Figure 5 shows the performance of the hierarchical partitioning on the 3 layer partitioning. At each level of sparsity except λ = 1, the hierarchical partitioning method beats the flat baseline partitioning. Partitioning into a bigger L3 seems to incur a faster dropoff in messages as the spread factor increases. As expected, at a spread factor of 1, the partitioning methods converge to random, and there is no improvement over random partitioning of the network. At a low spread factor, the algorithm is able to almost perfectly partition the network, reducing almost all the L3 communication and significantly reducing the L2 and L1 communication.

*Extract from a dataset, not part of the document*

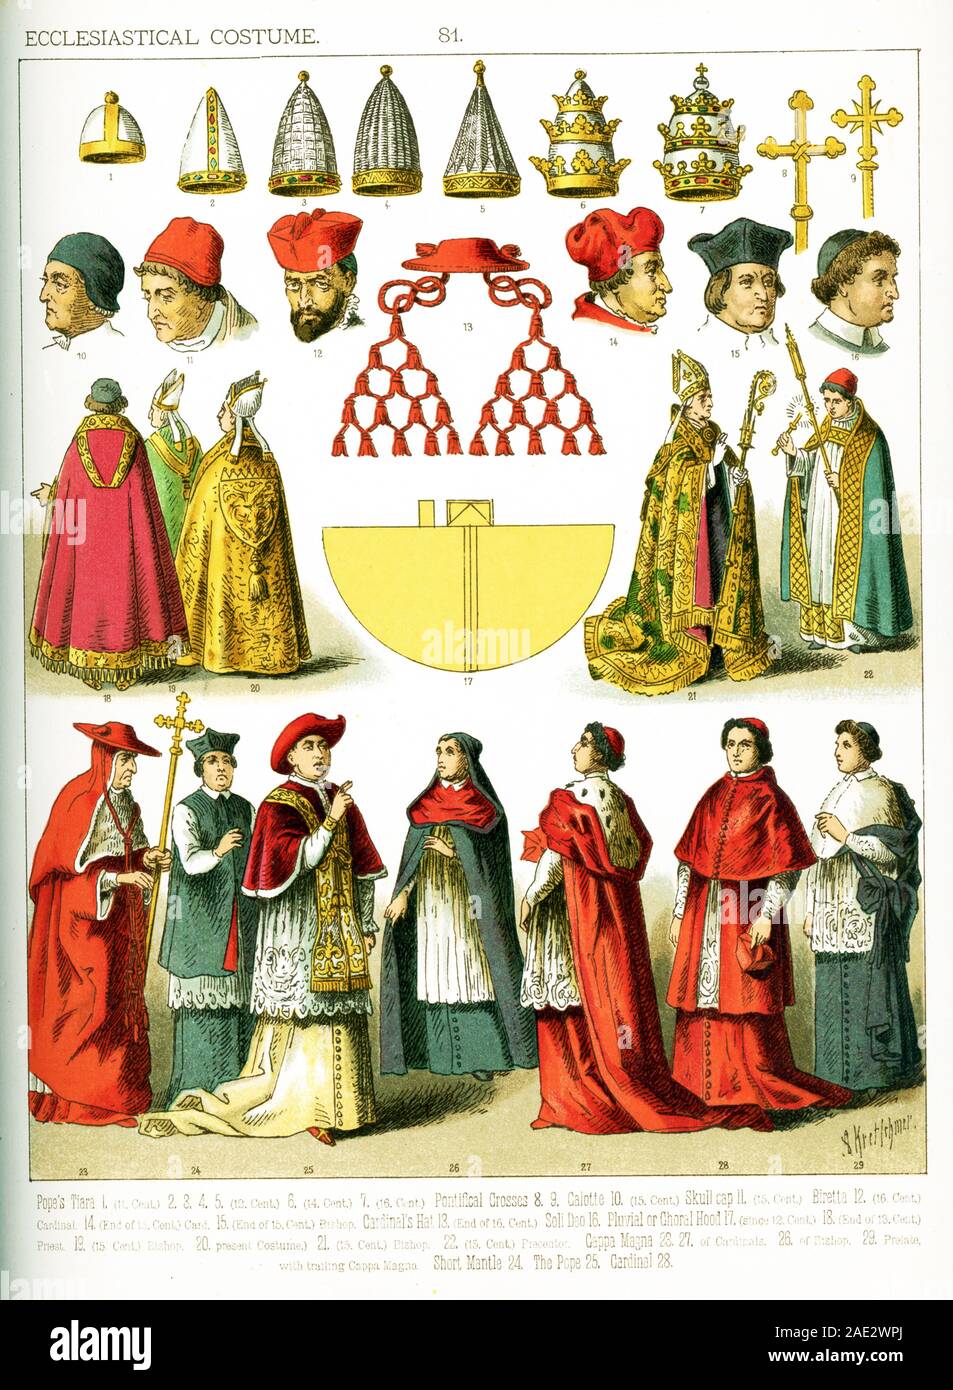 Die Bilder hier sind alle mit kirchlichen Kostüm, aus dem 11. Jahrhundert bis ins 19. Jahrhundert. Sie sind von links nach rechts, oben nach unten: ein Papst tiara aus dem 11. Jahrhundert, vier des Papstes tiaras aus dem 12. Jahrhundert, ein Papst tiara aus dem 14. Jahrhundert, ein Papst tiara aus dem 16. Jahrhundert, zwei Päpstlichen Kreuze, eine Kalotte aus dem 15. Jahrhundert, einen Totenkopf cap aus dem 15. Jahrhundert, ein birett aus dem 16. Jahrhundert, hat der Kardinal am Ende des 16. Jahrhunderts, ein Kardinal, am Ende des 15. Jahrhunderts, ein Bischof am Ende des 15. Jahrhunderts, Soli Deo, ein PLUVIALE oder choral Haube da t Stockfoto

Figure 5. Traffic reduction plots for different hierarchy structures and comparison of cost under two different evaluation methods, for flat core placement (A) and hierarchical (B) core placement. The number of messages generated by multicast (C) and (D) unicast messaging in each layer are also shown.
Figure 5 also shows the number of messages generated by the multicast and unicast routing schemes. In the 2 × 4 × 8 partition, there is a significant reduction of messages in the L1 and L2 messaging, but the L3 stays the same. This is because the L3 boundary is always crossed, and since there is only 1 other destination, the evaluation methods are equivalent. This can be observed in the 8 × 4 × 8 partition, where the L3 messages are significantly higher in unicast than multicast since there are 7 additional destinations. We see that multicast messaging allows for a greater reduction in overall messages, although the hierarchical partitioning significantly reduces the number of messages in both evaluation methods.
3.2. Small-World Networks
While the synthetic networks offer an excellent baseline to evaluate the efficacy of the partitioning method, it is essential to test on other networks that are not generated with biases toward an expected hierarchical structure. To this extent, we generate various small-world networks for the evaluation of the partitioning algorithm. Small-world networks are a common topological basis for modeling anatomical connections in the brain and thus are common networks to model spiking neural network connectivity (Bassett and Bullmore, 2007). Starting with n nodes, each node in the ring is connected to k of its nearest neighbors. Each edge is then replaced with a probability p with a new edge which is uniformly sampled from the collection of neurons. Based on the parameters, the rewiring algorithm creates a network that is neither regular nor random. For our analysis, we vary n and k in order to show the efficacy of the partitioning on various small-world graphs. We show the performance of the hierarchical partitioning algorithm with various configurations in order to show that it is beneficial with any network hierarchy.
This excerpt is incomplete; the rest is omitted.